Israel's weight in the MSCI All Country World Index dropped 33% Morgan Stanley Capital International yesterday published the constituents of its provisional index series, which serve as criteria for building investment portfolios the world wide.
Nessuah Zannex chief economist Shlomo Maoz predicts that other countries will regain lost allure when U.S. share prices rise again.
The most striking change in the All Country World Index is that the country weight of the United States increased by a huge 6.24% to 55.3%, at the expense of most of the rest of the world. It is believed that this change alone will induce the movement of $600 billion worth of investments as portfolio managers adjust to the index.

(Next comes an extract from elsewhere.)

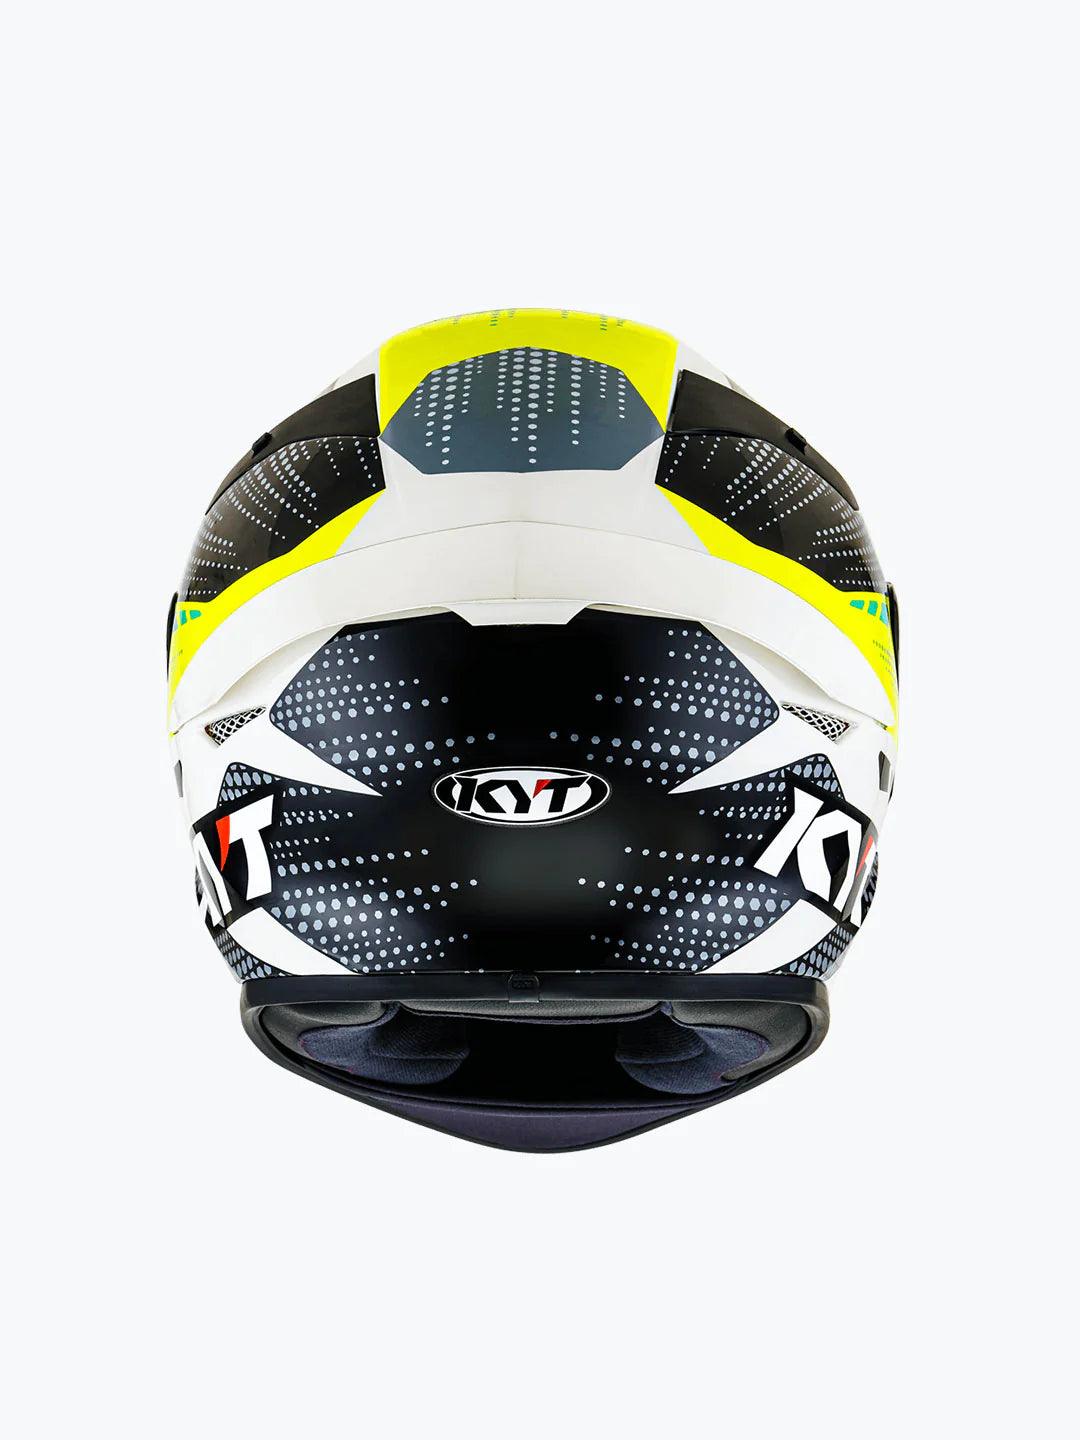 KYT TT Course Gear Black Yellow - Moto Modz

The United Kingdom's weight also increased sharply, by 1.06%, to 10.38%.
Israel's country weight difference in percent came to 0.07%. But when the new weight of 0.16% is seen against its previous weight of 0.24%, Israel's weight in the ACWI free index dropped by 33%.
The difference is sharp, but other countries suffered worse. Russia's weight decreased by 43% to 0.08%. Turkey's dropped by about 60% to 0.05%.
Nessuah Zannex chief economic analyst Shlomo Maoz says that Israel's weight in global GDP is 0.25%. Hence its weight in the ACWI is significantly below its contribution to world GDP.
Maoz does not believe that the change will substantially depress investment in Israel, if only because many investors have already sold their holdings.
He attributes the gargantuan leap in America's country weight to the slump in share prices, which has made many more attractive. Once substantial money has been diverted to American stocks, he says, share prices will climb again, restoring the attraction to investment in other countries.